I grew up with coffee not just as a beverage, but as a ritual—an inheritance steeped in memory. My grandmother, Lola Margarita, cultivated her own beans in South Cotabato, on the island of Mindanao. She roasted them over fire, ground them by hand, and brewed them with reverence. Her coffee was bold, aromatic, and deeply comforting. It was the taste of morning prayer, of quiet strength, of home.
Earlier this year, I returned to the Philippines carrying a two-pound bag of Starbucks’ Caffè Verona, hoping to share something familiar with my family. I expected to find better coffee there—something closer to Lola’s—but I was surprised, even disappointed, by what I tasted. The local brews lacked the depth and aroma I remembered. A family member gave me barako from Batangas, but it felt flat and one-dimensional. Another gifted me Robusta from Sultan Kudarat, which was bold but bitter in a way that didn’t resonate.
It made me wonder: what happened to the coffee I knew?
Lola’s beans were likely Arabica, grown in the highlands near Mt. Matutum, where indigenous communities like the B’laan and T’boli still cultivate heirloom varieties. Today, that region produces some of the Philippines’ finest Arabica, but much of it doesn’t reach local markets. Instead, instant coffee dominates, and traditional roasting methods have faded.

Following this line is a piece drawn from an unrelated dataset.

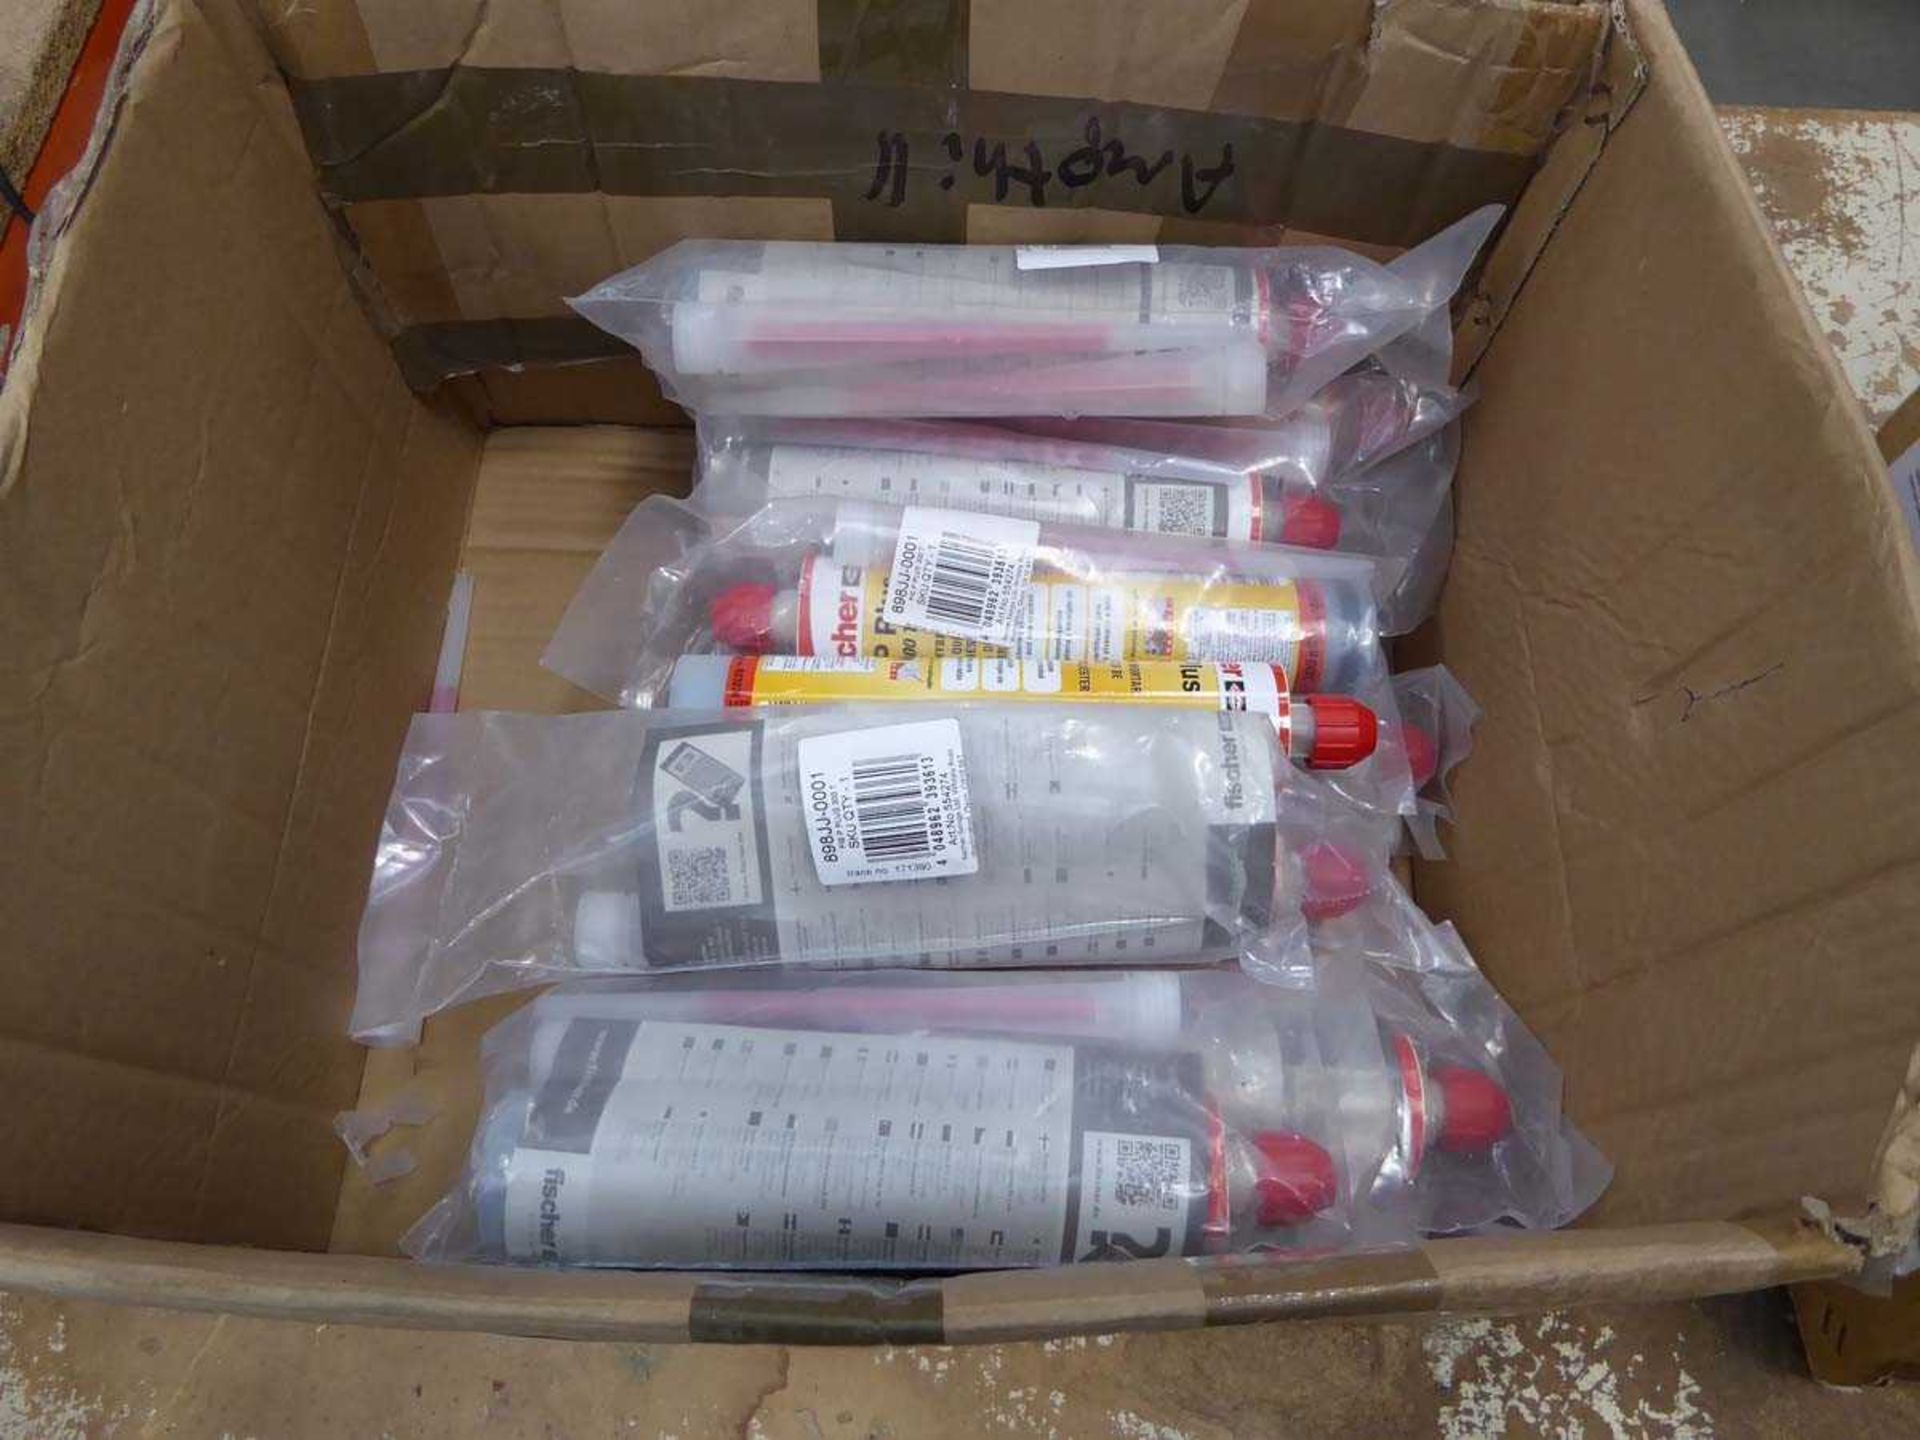 +VAT Box of Chemfix hybrid mortar

Back home in Nevada, I grind and brew my own coffee—$14 a pound, plus tax. It’s not cheap, especially with prices rising and tariffs looming. But it’s worth it. Each cup is a quiet act of remembrance. The hum of the grinder, the bloom of the pour, the steam rising like incense—it all brings me back to Lola’s kitchen, to the warmth of her hands and the dignity of her craft.
Coffee, for me, is more than flavor. It’s legacy. It’s presence. It’s the bittersweet taste of change—and the enduring aroma of love.